The rapid proliferation of tumor cells will couple the greater demand for energy, therefore, targeting the bioenergetic metabolism of tumor has become a new and effective prevention approach for cancer therapy, and the efficient and complete study of the effect of molecules or drugs on the energy metabolism of tumor cells has become the main issue. The Bioenergy Analyzer uses a solid-state probe and a patented instantaneous microchamber technology to detect the cellular energy metabolic state in a real-time, sensitive,accurate and non-destructive manner, and can simultaneously measure the two main energy metabolic pathways in cells-mitochondrial respiration and glycolysis. The main indicators of cellular energy metabolism, such as basal respiration, ATP production, maximal respiration, basal glycolytic rate, maximal glycolytic rate, and spare glycolytic capacity, provide a new, convenient and rapid method for the determination of cellular energy metabolism.

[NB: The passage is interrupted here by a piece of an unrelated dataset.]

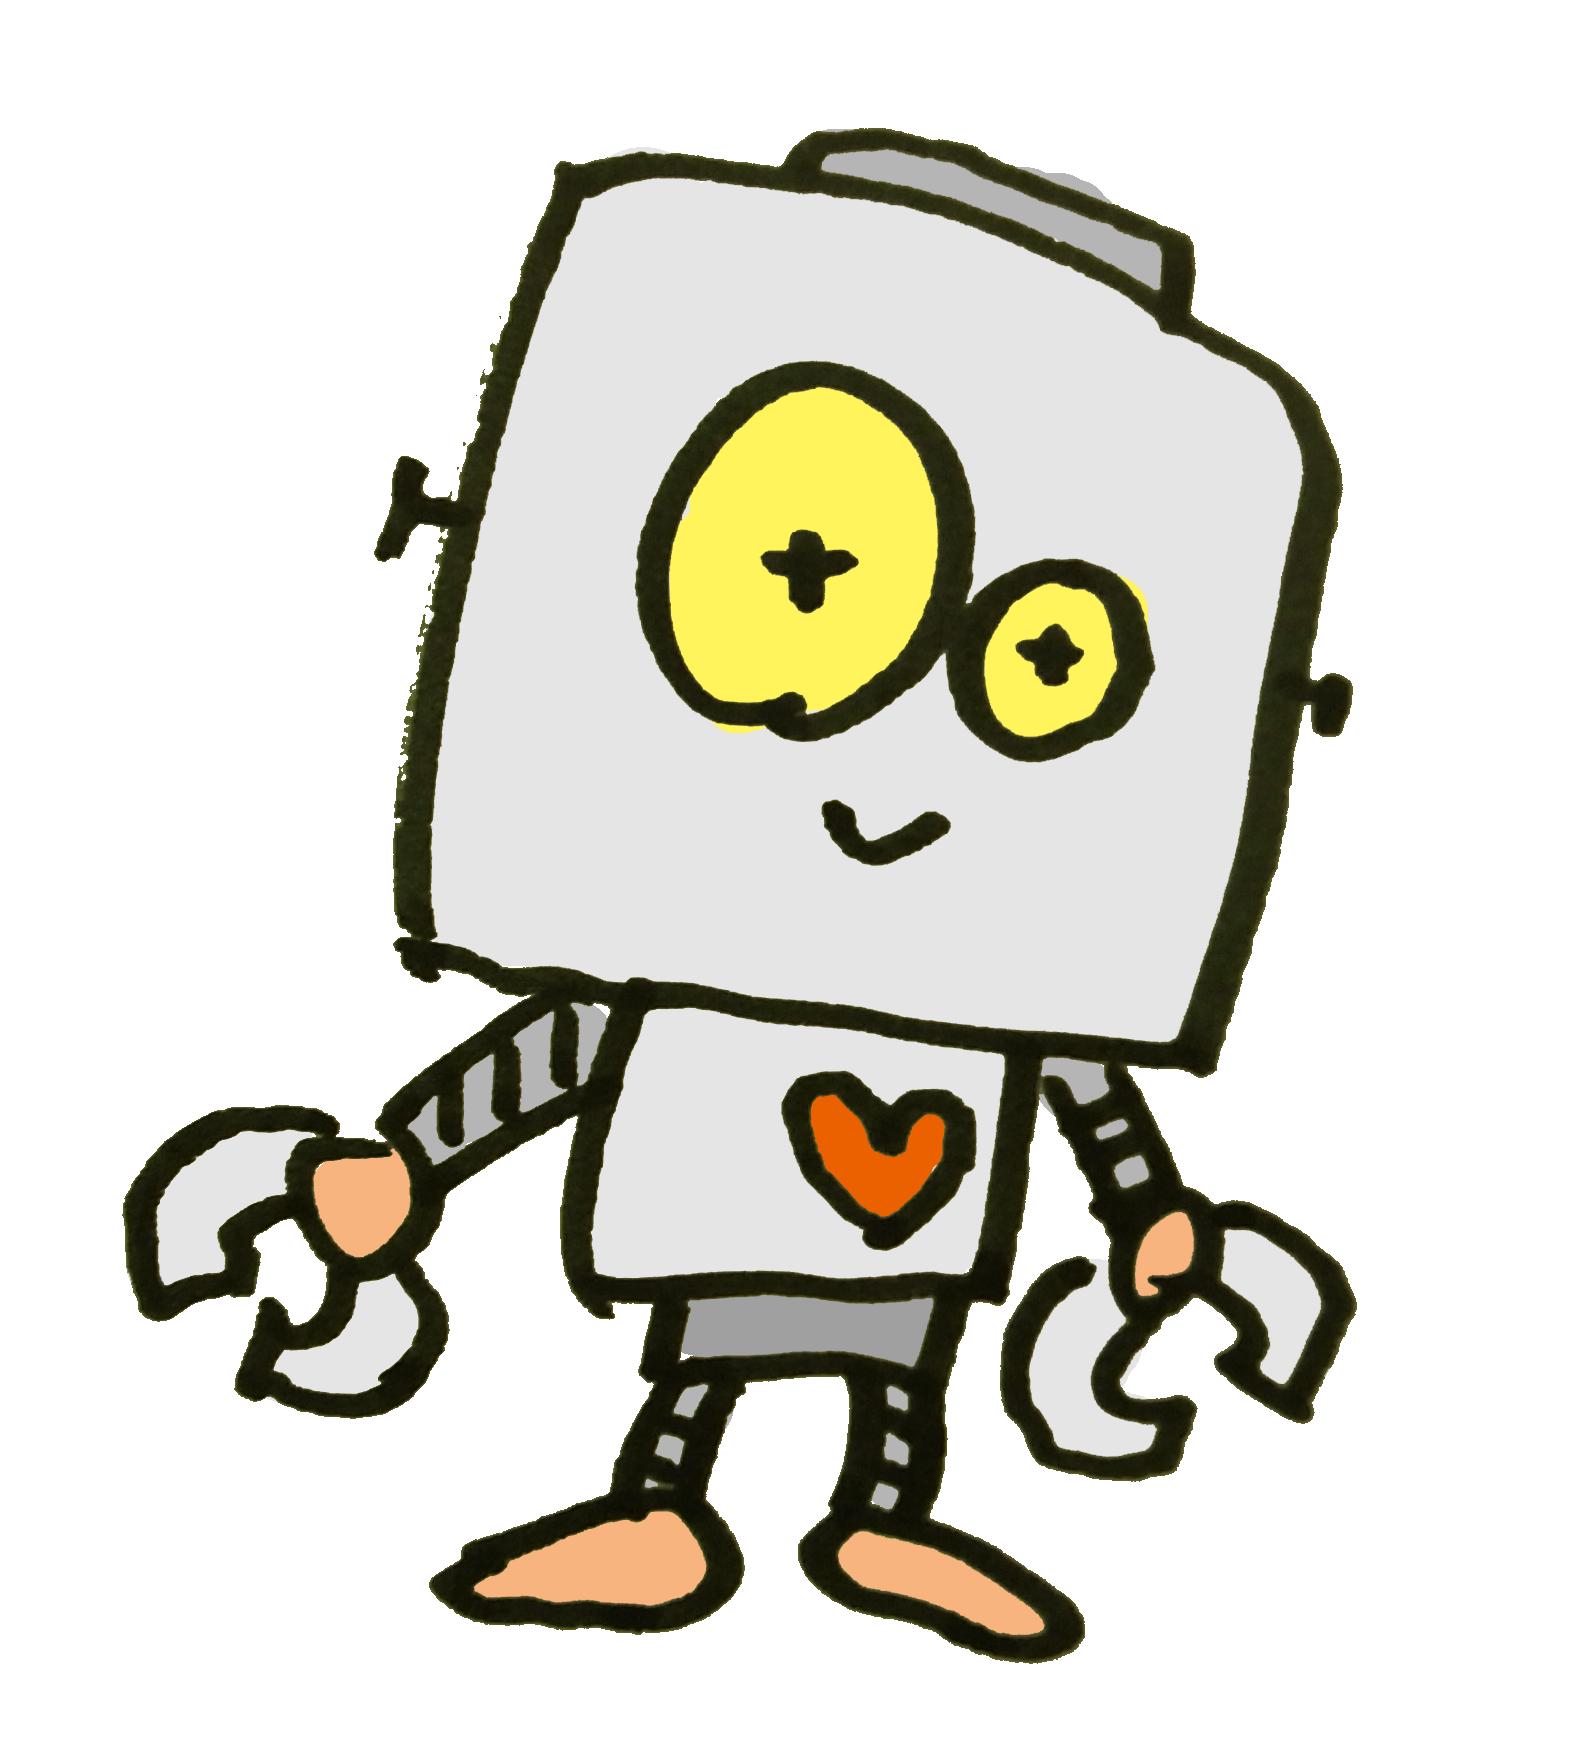 昔ながらのロボットのイラスト | ゆるくてかわいい無料イラスト素材屋

In the present study, SPP showed a dose-dependent inhibition for basal respiration, maximal respiration, reserve respiration and ATP conversion, but the dose-effect relationship may be non-linear. The decrease may be due to the apoptotic state of SPP-treated cells and increased levels of reactive oxygen species (ROS)likely causing oxidative damage to cells and in turn to reduce the activity of mitochondrial respiratory chain complexes, and affect mitochondrial ATP synthesis capacity, and a high dose (3.2 mg/mL)of SPP on cellular mitochondrial aerobic/oxidative activity. This may be directly related to the mitochondrial energy metabolism disorder,and the detailed mechanism needs to be further investigated.

Glycolysis can rapidly supply energy to cells under hypoxic conditions. The results showed that SPP could reduce glycolysis and affect the glycolytic function of DLD-1 cells, but the degree of damage was lower than the decrease of basal oxygen consumption rate and aerobic respiratory maxima, suggesting that the main effect of SPP on cellular energy metabolism was due to the damage of mitochondrial function.

In summary, this article mainly studied the effect of SPP on energy metabolism of human colon cancer DLD-1 cells under different doses. The mechanism may be related to its inhibition of cell proliferation and promotion of cell apoptosis. Seahorse XFe24 cellular energy metabolism analyzer can sensitively detect changes in indicators such as basic aerobic respiration rate, ATP coupled aerobic respiration rate, etc. It provides the feasibility for SPP to induce tumor cell necrosis, but whether it can be applied to clinical treatment needs further exploration.

conflict of interest

The authors declare no potential conflicts of interest.